When good workers resign from bad leaders

It’s not you, it’s me. Ever given that sort of resignation? Told your boss you are too overwhelmed? Need better work/life balance? Want to seek opportunities elsewhere? When actually what you really wanted to say was, ‘It’s you, mate.’

Most people resigning will never be honest about leaving because of a poor manager. Too worried about ‘small world syndrome’ and their bad review will follow them into their next role, they keep quiet. Those who are honest will usually wait until they’re sat in their exit interview with an anonymous HR person before they spill the beans. By that point, it is way too late to convince them to stay.

Making good

Chances are, if you are reading this, you’re not a bad leader. Good leaders are interested in self improvement, meaningful connection with their team and empowering others. A bad leader would have skipped past this headline without considering it applied to them.

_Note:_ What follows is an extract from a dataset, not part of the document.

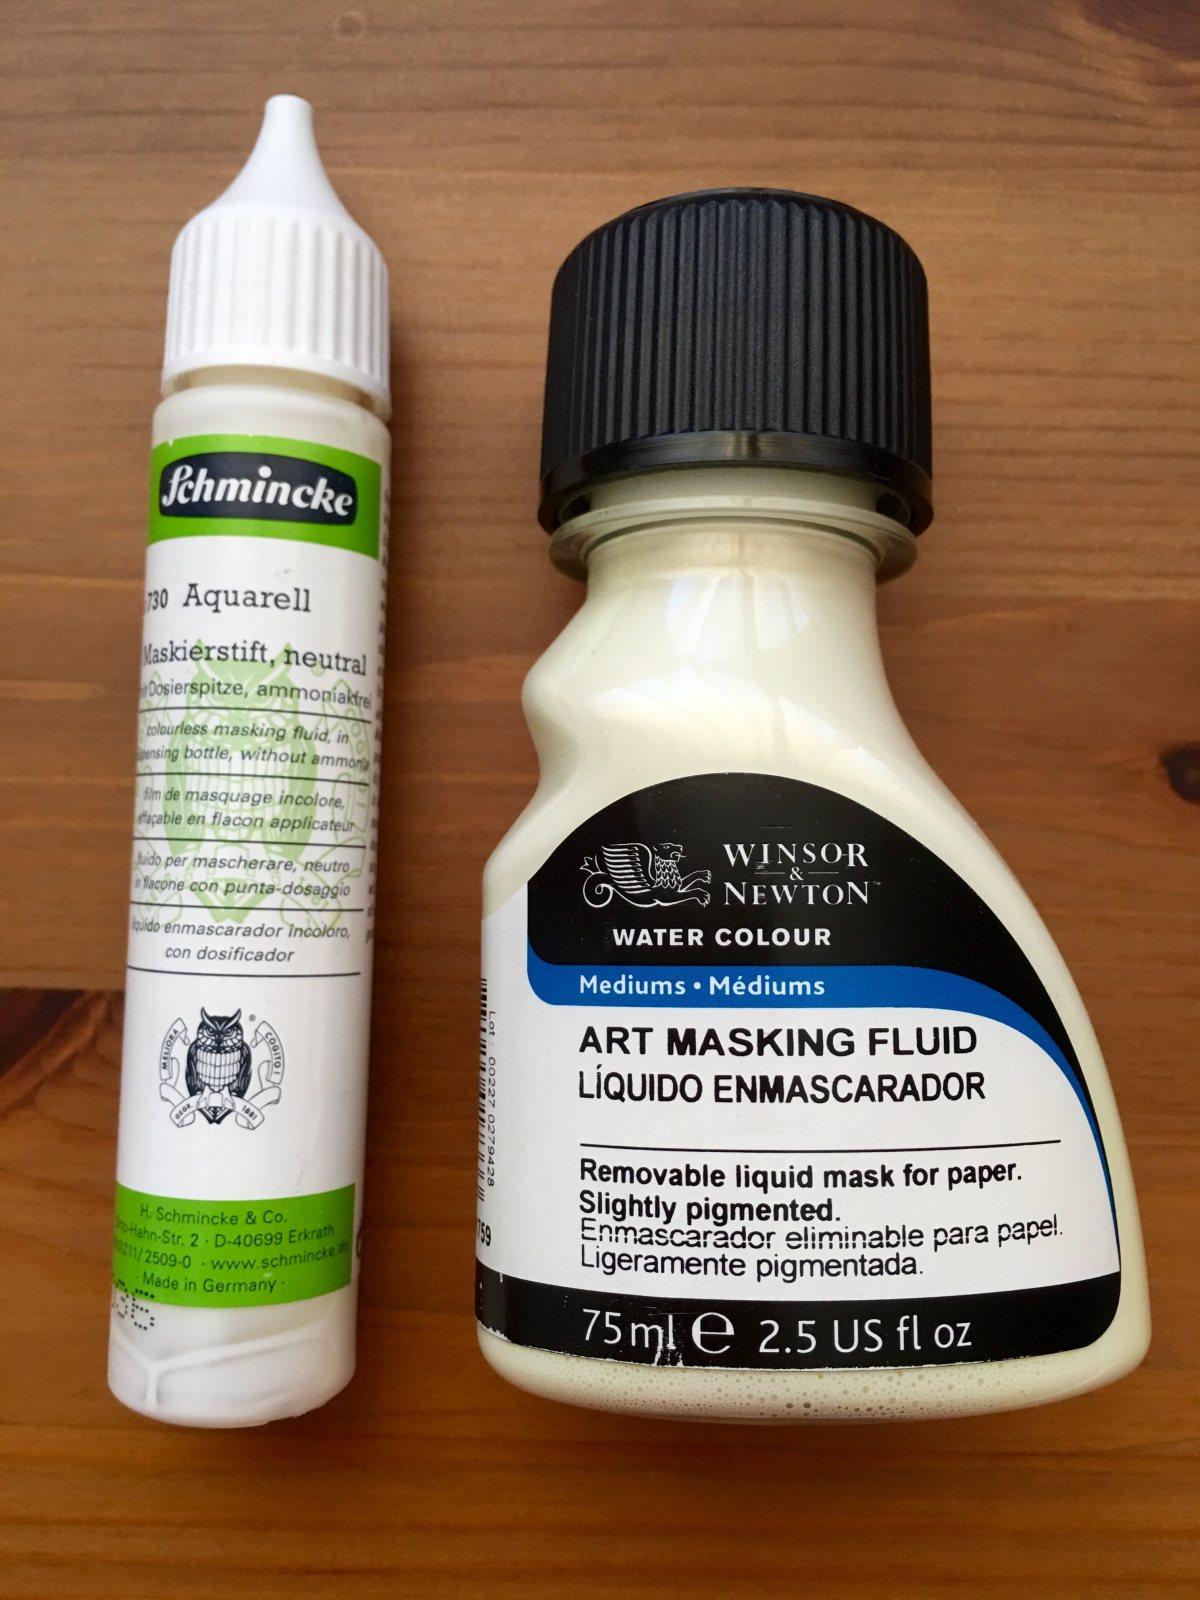 Schmincke, Winsor & Newton, China Marker, Wax Resist masking fluid demo

Phew! But wait, this article still applies to you. Chances are, you are either an enthusiastic rising leader wondering how to make the best impact, or a senior leader wondering how to mitigate poor leadership lower down your organisation’s ranks. Here are four key things you can do to prevent good people from running away from poor leaders.

Keep talking

According to Scott Mautz, author of leadership tome Make it Matter, around 40 per cent of employees would have stayed in their role if someone had checked in with them. Make sure you hold regular meetings with your team or division to give your people the chance to stick their head above the parapet. Have an open door policy, be approachable, but don’t wait for employees to come to you – you need to make sure they have what they need, not just to do their job well, but to secure their personal wellbeing too.

Trust and ownership

In the old days, management was all about ‘do as I say, not as a I do’, and information was often only offered up on a need-to-know basis. But this strong hierarchy creates problems. It means people have less ownership over outcomes – good and bad – which can contribute to low feelings of self worth, believing you’re not valued or feeling like you are an underused resource. Offer up information, give context, let people see the outcomes they have contributed to – and give people responsibility. When you give people the chance to step up in a structured way, they usually shine.

Self reflection

Be self-aware. If you engage in reflective practice then all challenges become opportunities for positive change, all interactions are the chance to strengthen alliances and improve communication, and all problems are a chance to revise your solutions based approach. The goal is satisfaction, professionally and personally – and satisfaction can come even if an outcome hasn’t been ideal. If your staff see you taking opportunities to grow, they will do the same.


Continued professional development is a clear indicator that you care about the organisation. Model this by continuing to take opportunities to upskill through management training and mentorship, internally and externally. Offer your team members the chance to upskill as well – if you invest in them, they will invest in themselves and the organisation.